Colorado's Finest High School of Choice is an alternative public high school in Englewood, Colorado, United States, a suburb of Denver.

CFAHS serves students who prefer to attend an alternative program with a flexible start and end time. Graduates receive a certified high school diploma by completing 23 credit hours.

In 2014, the school changed its name from Colorado's Finest Alternative High School to Colorado's Finest High School of Choice The school also moved into a new facility at that time.

==School hours==
The program runs from 7:55 AM to 4:00 PM. There is a single 30-minute break for lunch around noon; it is a closed campus but students are allowed to obtain lunch either on campus or by ordering in (only during their lunch break).

==Accreditation==
The school is accredited by the North Central Association of Secondary Schools, the Colorado Department of Education, and holds membership in the College Board, the National Alliance of High Schools, and the National Association of College Admissions Counseling.

==History==
The previous name of the school was created by the first group of students who stated they attended the "Finest" alternative high school in Colorado. Several times throughout the years the students have been asked how they feel about changing the name and they have always voted to remain Colorado's Finest Alternative High School.

==Awards==
In December 1991, the Colorado School Board of Education recognized CFAHS as a Commissioner's Challenger School. It was one of three high schools to receive this honor.

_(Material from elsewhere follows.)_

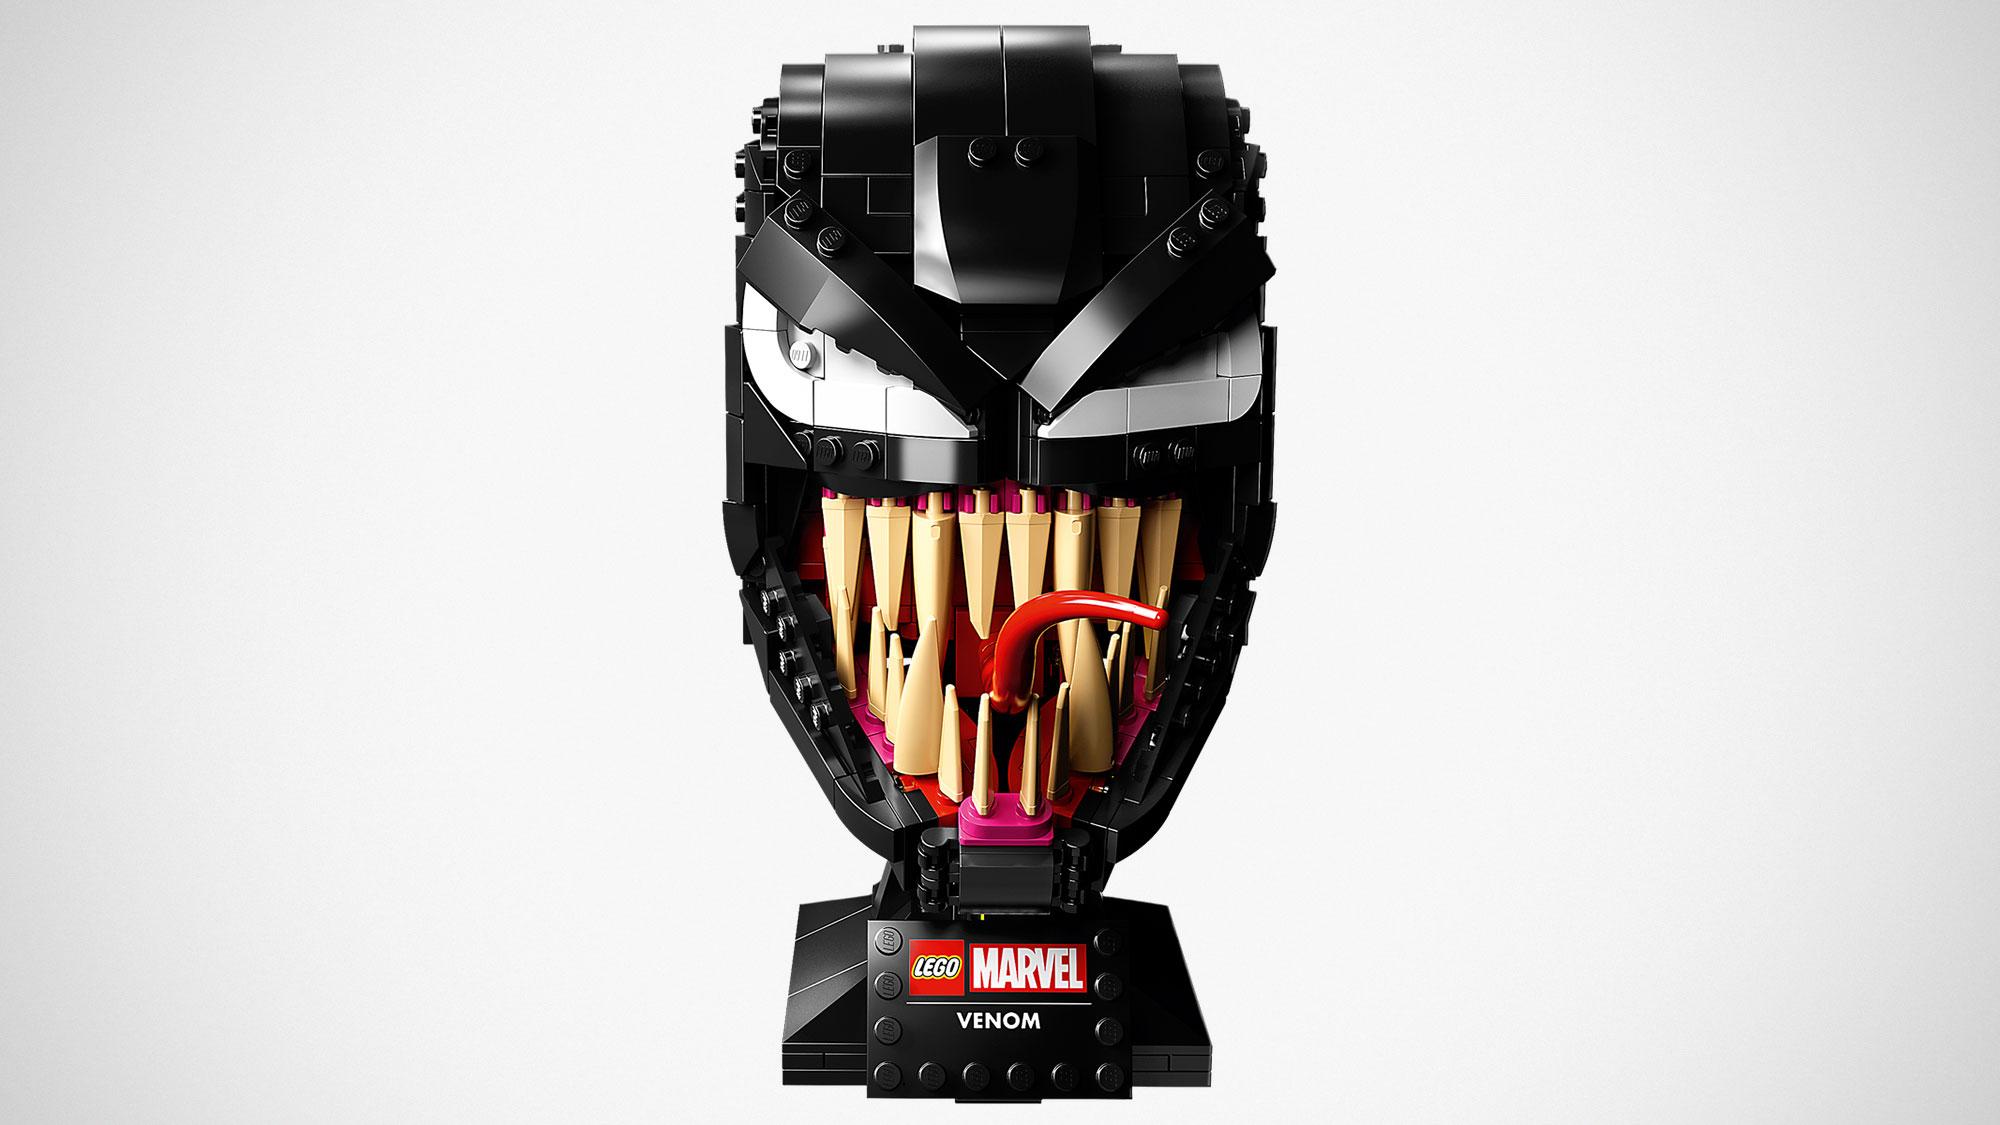 LEGO 76187 Marvel Spider-Man Venom

In 1992, the Colorado State Board of Education recognized CFAHS as a School of Excellence. The school has been recognized as a School of Excellence for six consecutive years, and is the only high school in Colorado to achieve this.

The Colorado State Board of Education and the Colorado Association of Commerce and Industry jointly award the John J. Erwin Colorado School of Excellence each spring to schools that maintain their high academic standards. CFAHS is the only high school to receive this award for five consecutive years.

In 2005, CFAHS received the El Pomar Foundation for "Outstanding High School of the Year."